Quel est le secret du bonheur, alors ?
Le lâcher-prise ! Le problème, ce sont les idéologies. Les décroissants, ceux qui considèrent que les dysfonctionnements économiques, l’aliénation au travail et la pollution sont les résultantes du processus d’industrialisation, ont raison : il faut revenir à la terre. Dans 10-15 ans, il n’y aura plus de produits artisanaux… Aujourd’hui, 60% des fermes gasconnes vendent en direct… De là à supprimer toutes les technologies ? Non. Nous, on est dans le rationnel. On désherbe, oui. Un petit peu… Il faut trouver un équilibre, de la simplicité. Dans le documentaire, il y a Daniel qui citait Deleuze en expliquant qu’il y a besoin de cathédrales et de chapelles. Nous ne sommes donc pas des « alterno », mais bien des indépendants !
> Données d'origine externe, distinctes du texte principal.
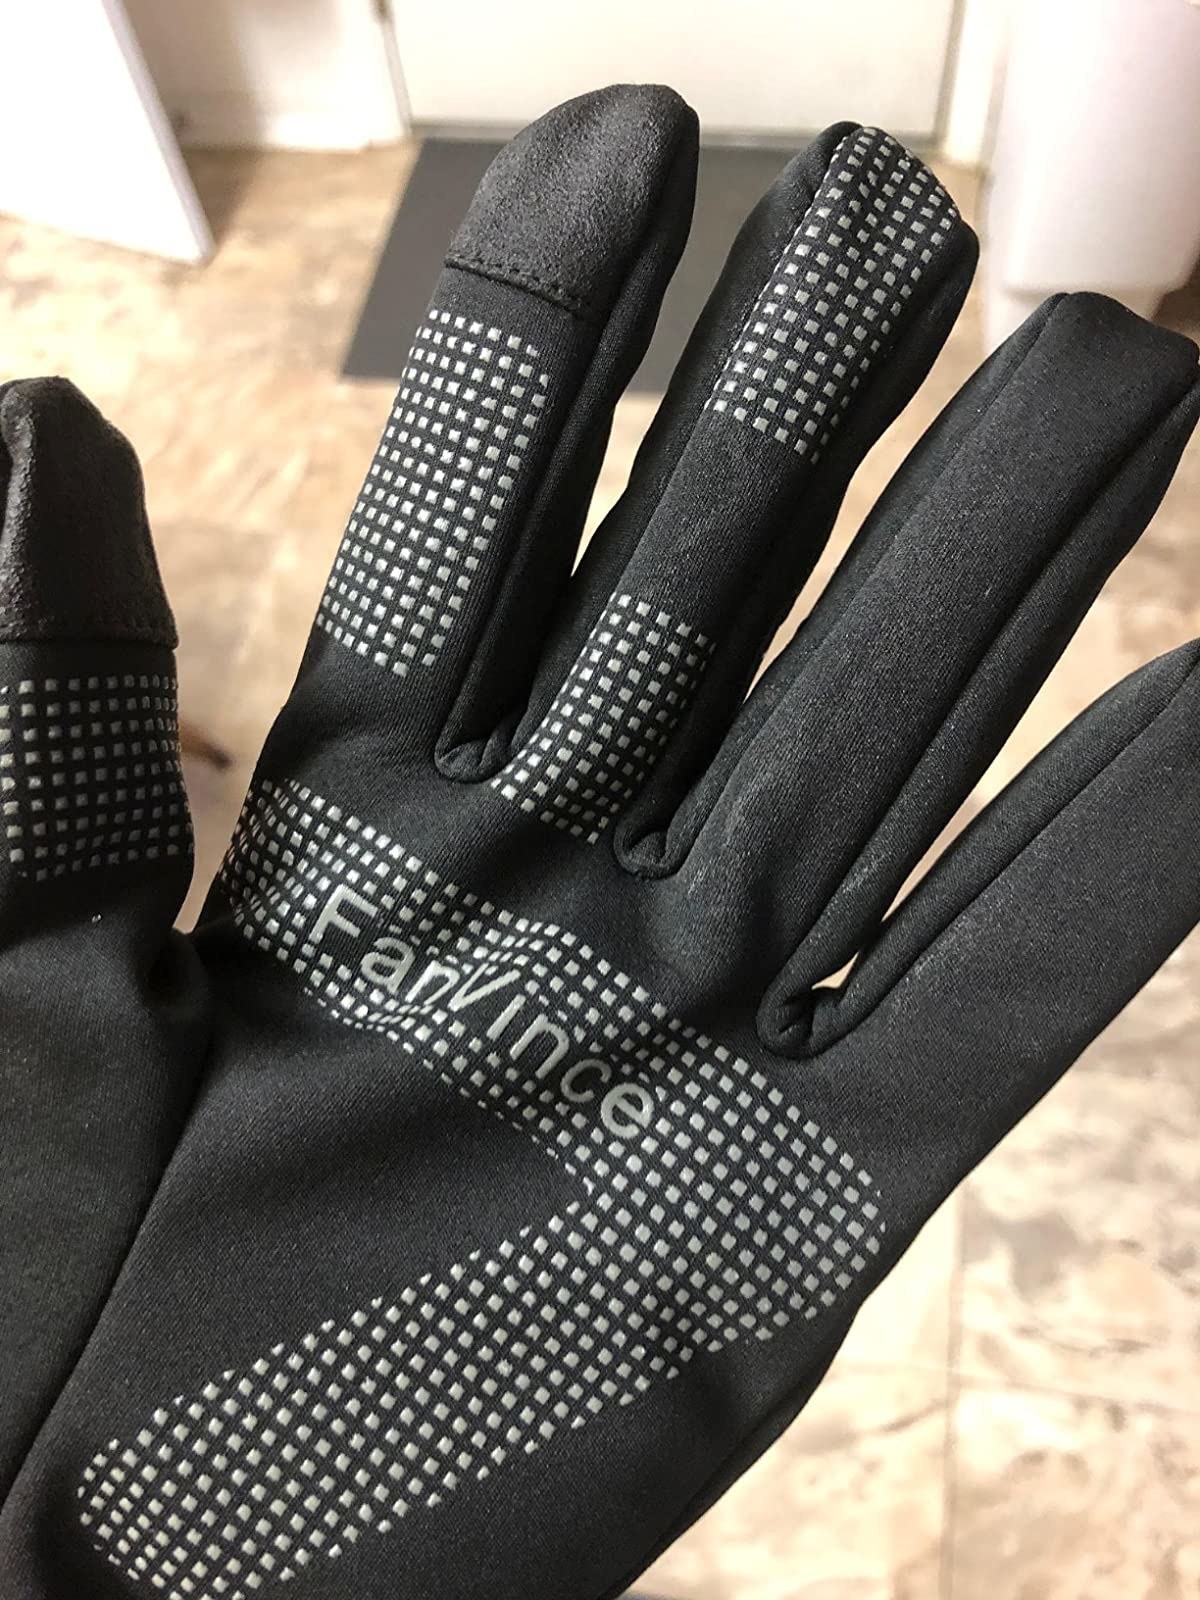 Reviewer wearing black glove

Que mangez-vous lors de déplacements ?
On demande par exemple des produits locaux auprès de maraîchers locaux (et non des supermarchés). Sinon, des pâtes, c’est très bien aussi, hein... On est souvent choyé !
Avec 44 pays visités en dix ans, quel plat avez-vous justement préféré ?
Sans aucun doute : les ortolans* ! Un plat de chez nous, justement.
> 4e album (2015)
> 3e album (2013)
* La recette de ces petits oiseaux à la provençale est un mets dont Alexandre Dumas donna la recette dans son Grand livre de la cuisine (1873).